The job and run task states are recorded in the databricksJobRunState and databricksJobRunTaskState, respectively. The databricksJobRunState is on every job run metric including the task related metrics. The databricksJobRunTaskState is only on job run metrics related to tasks, e.g. job.run.task.duration.

Job and task run counts

On each run, the integration records the number of job and task runs in each state (with the exception of runs in the TERMINATED state (see below)), in the metrics job.runs and job.tasks, respectively, using the attributes databricksJobRunState and databricksJobRunTaskState, to indicate the state. In general, only the latest() aggregator function should be used when visualizing or alerting on counts including these states. For example, to display the number of jobs by state, use the following NRQL statement.

FROM Metric
SELECT latest(databricks.job.runs)
FACET databricksJobRunState

The count of job and task runs in the TERMINATED state are also recorded but only include job and task runs that have terminated since the last run of the integration. This is done to avoid counting terminated job and task runs more than once, making it straightforward to use aggregator functions to visualize or alert on values such as "number of job runs completed per time period", "average duration of job runs", and "average duration job runs spent in the queue". For example, to show the average time job runs spend in the queue, grouped by job name, use the following NRQL statement.

FROM Metric
SELECT average(databricks.job.run.duration.queue / 1000)
WHERE databricksJobRunState = 'TERMINATED'
FACET databricksJobRunName
LIMIT MAX

NOTE: Make sure to use the condition databricksJobRunState = 'TERMINATED' or databricksJobRunTaskState = 'TERMINATED' when visualizing or alerting on values using these aggregator functions.

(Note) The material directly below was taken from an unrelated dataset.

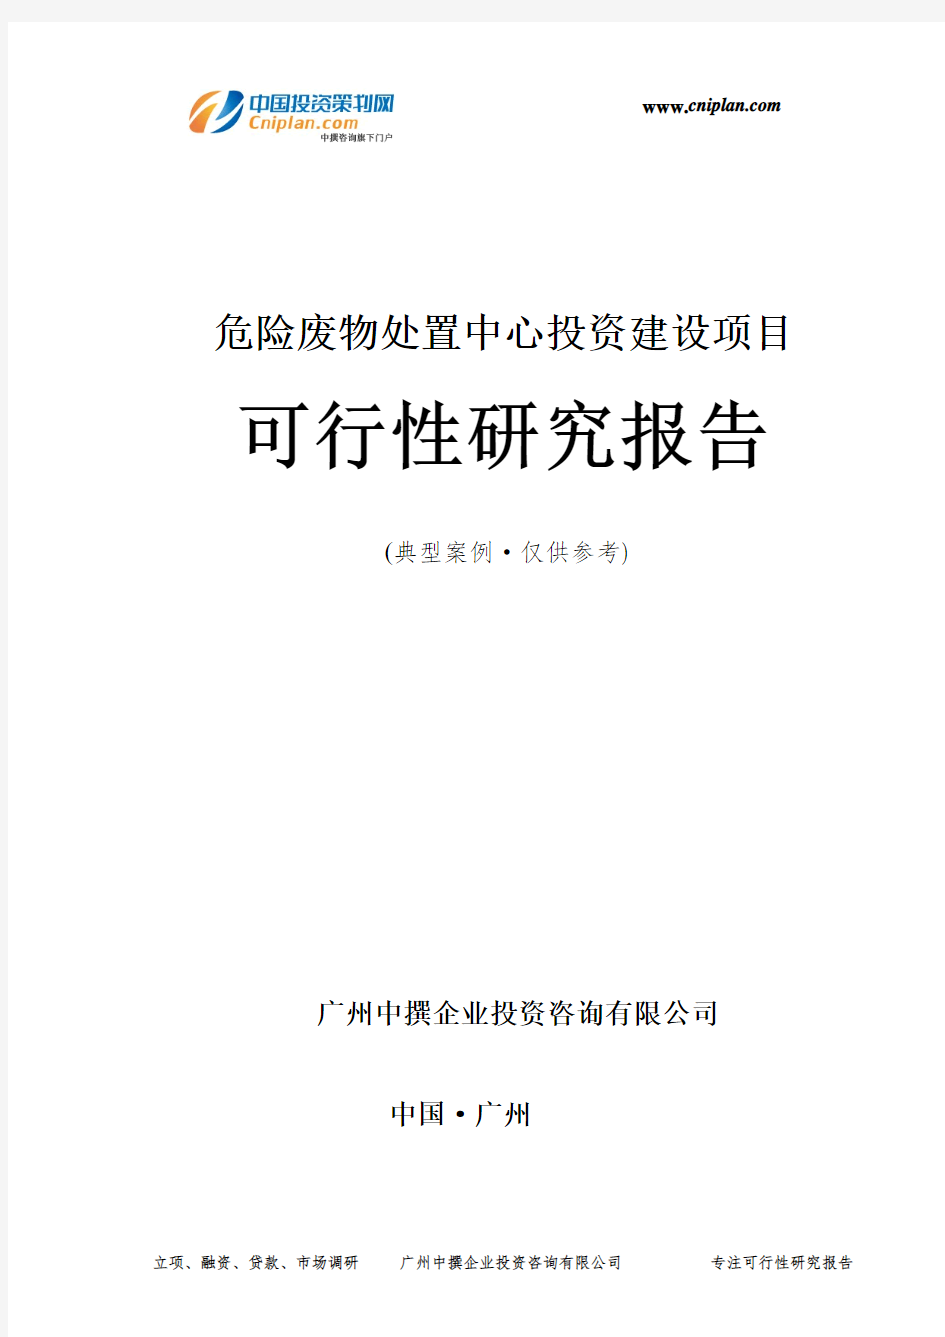 危险废物处置中心投资建设项目可行性研究报告-广州中撰咨询

Job and task run durations

The Databricks integration stores job and task run durations in the metrics job.run.duration and job.run.task.duration, respectively. The values stored in these metrics are calculated differently, depending on the state of the job or task, as follows.

  • While a job or task run is running (not BLOCKED or TERMINATED), the run duration stored in the respective metrics is the "wall clock" time of the job or task run, calculated as the current time when the metric is collected by the integration minus the start_time of the job or task run as returned from the Databricks ReST API. This duration is inclusive of any time spent in the queue and any setup time, execution time, and cleanup time that has been spent up to the time the duration is calculated but does not include any time the job or task run was blocked.

    This duration is also cumulative, meaning that while the job run is running, the value calculated each time the integration runs will include the entire "wall clock" time since the reported start_time. It is essentially a cumulativeCount metric but stored as a gauge. Within NRQL statements, the latest() function can be used to get the most recent duration. For example, to show the most recent duration of job runs that are running grouped by job name, use the following NRQL (assuming the job run metricPrefix is databricks.).

    FROM Metric
    SELECT latest(databricks.job.run.duration)
    WHERE databricksJobRunState != 'TERMINATED'
    FACET databricksJobRunName
  • Once a job or task run has been terminated, the run duration stored in the respective metrics are not calculated but instead come directly from the values returned in the listruns API (also see the SDK documentation for BaseRun and RunTask). For both job and task runs, the run durations are determined as follows.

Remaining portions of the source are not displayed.